/cryohub

IO hub for Cryo-EM, Cryo-ET and subtomogram averaging data.

Primary LanguagePythonOtherNOASSERTION

cryohub

cryohub is a library for reading and writing Cryo-ET data based on the cryotypes specification.

Installation

pip install cryohub

Usage

cryohub provides granular I/O functions such as read_star and read_mrc, which will all return objects following the cryotypes specification.

from cryohub.reading import read_star
poseset = read_star('/path/to/file.star')

A higher level function called read adds some magic to the IO procedure, guessing file formats and returning a list of cryotypes.

from cryohub import read
data = read('/path/to/file.star', '/path/to/directotry/', lazy=False, name_regex=r'tomo_\d+')

See the help for each function for more info.
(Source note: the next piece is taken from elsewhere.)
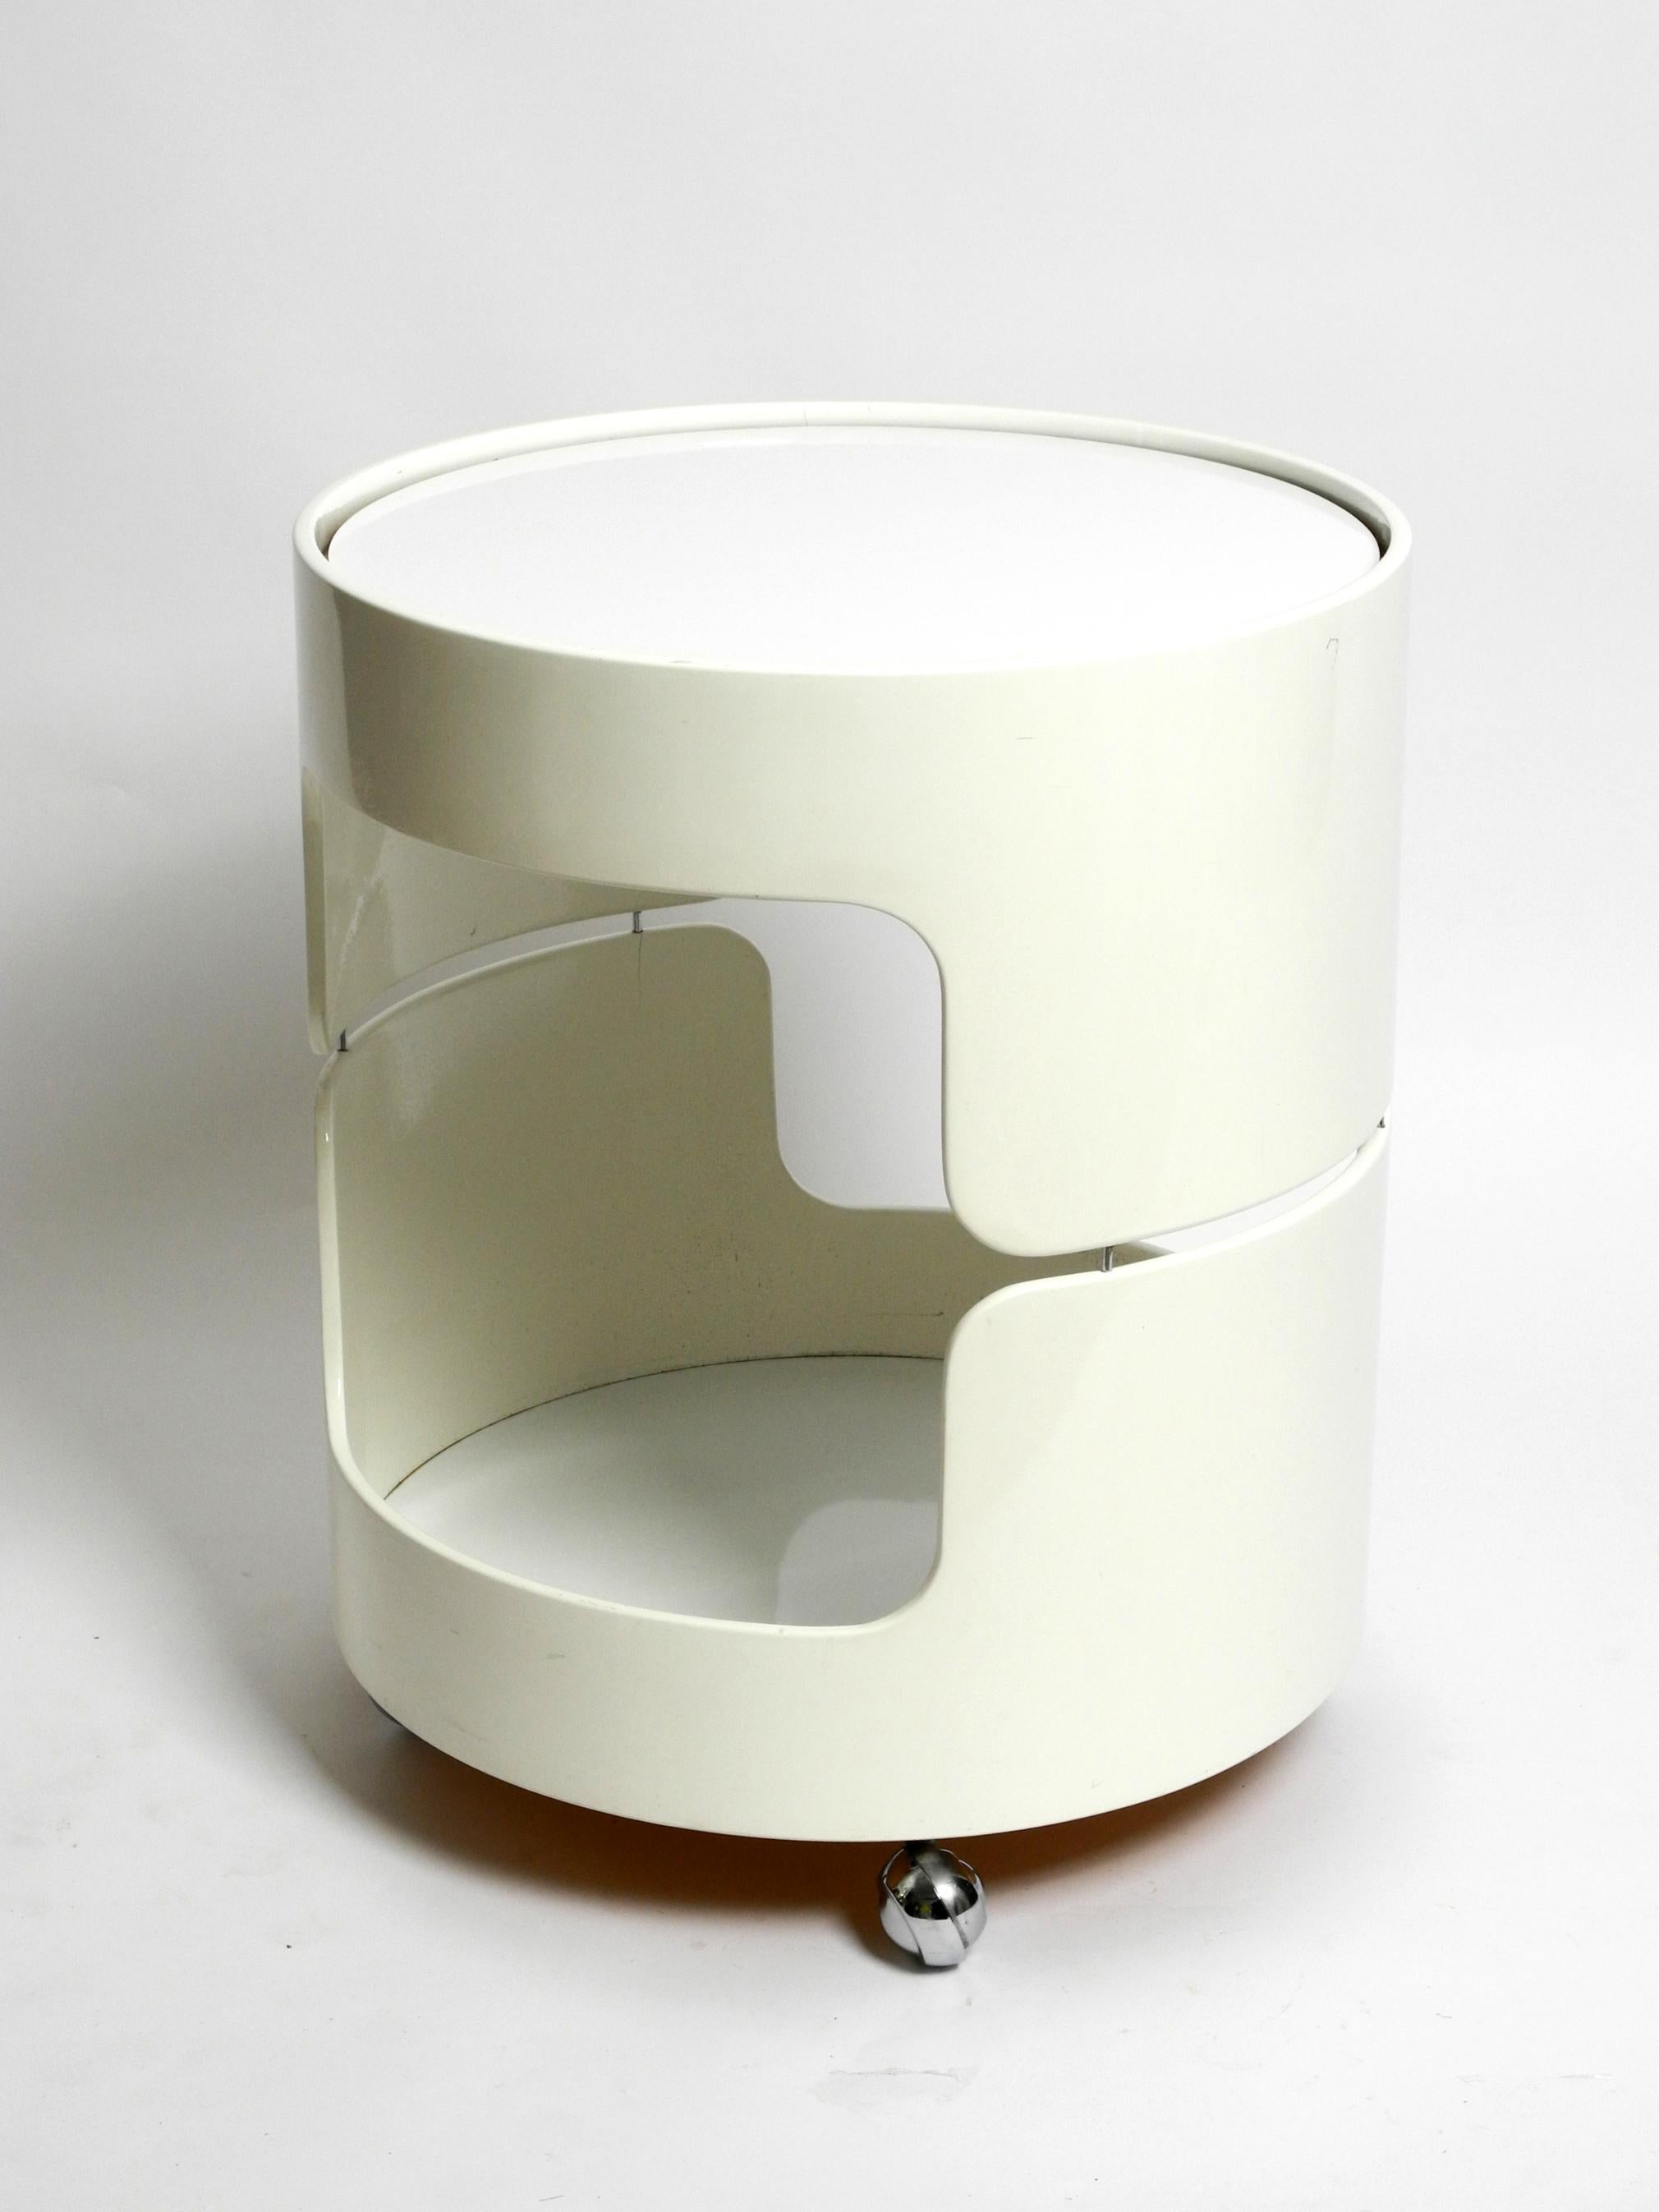 Beautiful Rare 1960s Beige White Side or Bar Table with Wheels Space Age Design For Sale 13
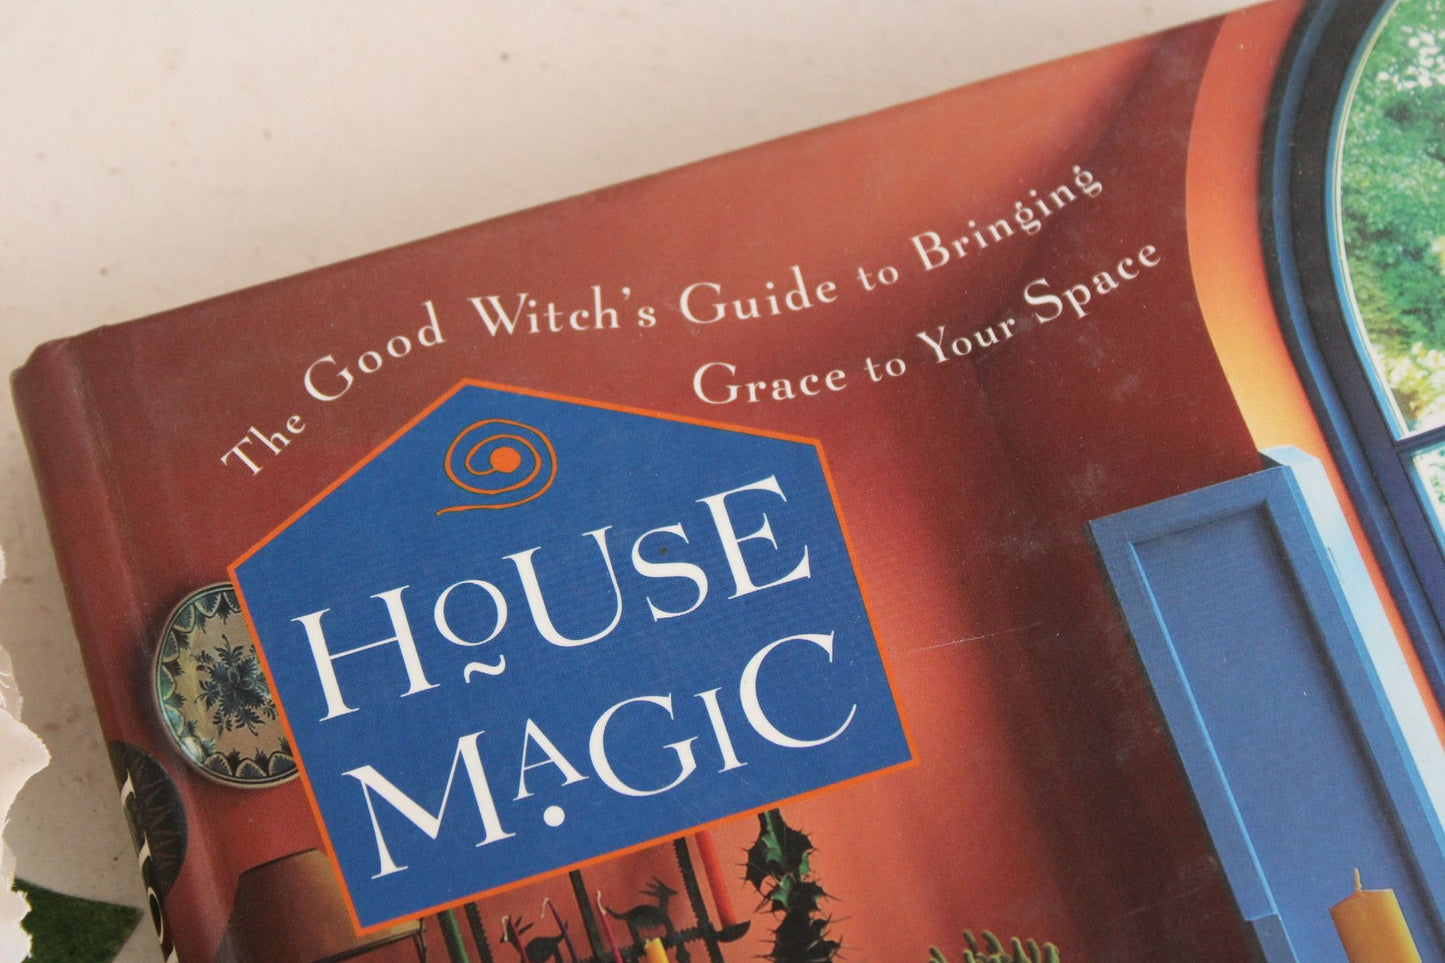 Vintage 2000s Book, "House Magic, The Good Witch's Guide to Bringing Grace to Your Space" by Ariana

Similarly to the read_* functions, cryohub provides a series of write_* functions, and a magic higher level write funtion.

from cryohub import write
write([poseset1, poseset2], 'particles.tbl')

From the command line

cryohub can be used as a conversion tool between all available formats:

cryohub convert input_file.star output_file.tbl

If instead you just need to quickly inspect your data but want something more powerful than just reading text files or headers, this command will land you in an ipython shell with the loaded data collected in a list called data:

cryohub view path/to/files/* /other/path/to/file.star
print(data[0])

Features

Currently cryohub is capable of reading images in the following formats:

  • .mrc (and the .mrcs, .st, .map, .rec variants) = .tif(f)
  • Dynamo .em
  • EMAN2 .hdf

and particle data in the following formats:

  • Relion .star
  • Dynamo .tbl
  • Cryolo .cbox and .box
  • EMAN2 .json1

Writer functions currently exist for:

  • .mrc
  • EMAN2 .hdf
  • Dynamo .em
  • Relion .star
  • Dynamo .tbl

Image data

When possible (and unless disabled), cryohub loads images lazily using dask. The resulting objects can be treated as normal numpy array, except one needs to call array.compute() to apply any pending operations and return the result.

Contributing

Contributions are more than welcome! If there is a file format that you wish were supported in reading or writing, simply open an issue about it pointing to the specification. Alternatively, feel free to open a PR with your proposed implementation; you can look at the existing functions for inspiration.

Footnotes

  1. EMAN2 uses the center of the tomogram as the origin for particle coordinates. This means that when opening a tomogram, you'll have to recenter the particles based on its dimensions. To do so automatically, you can use the center_on_tomo argument to provide the hdf file with the tomogram you want to use.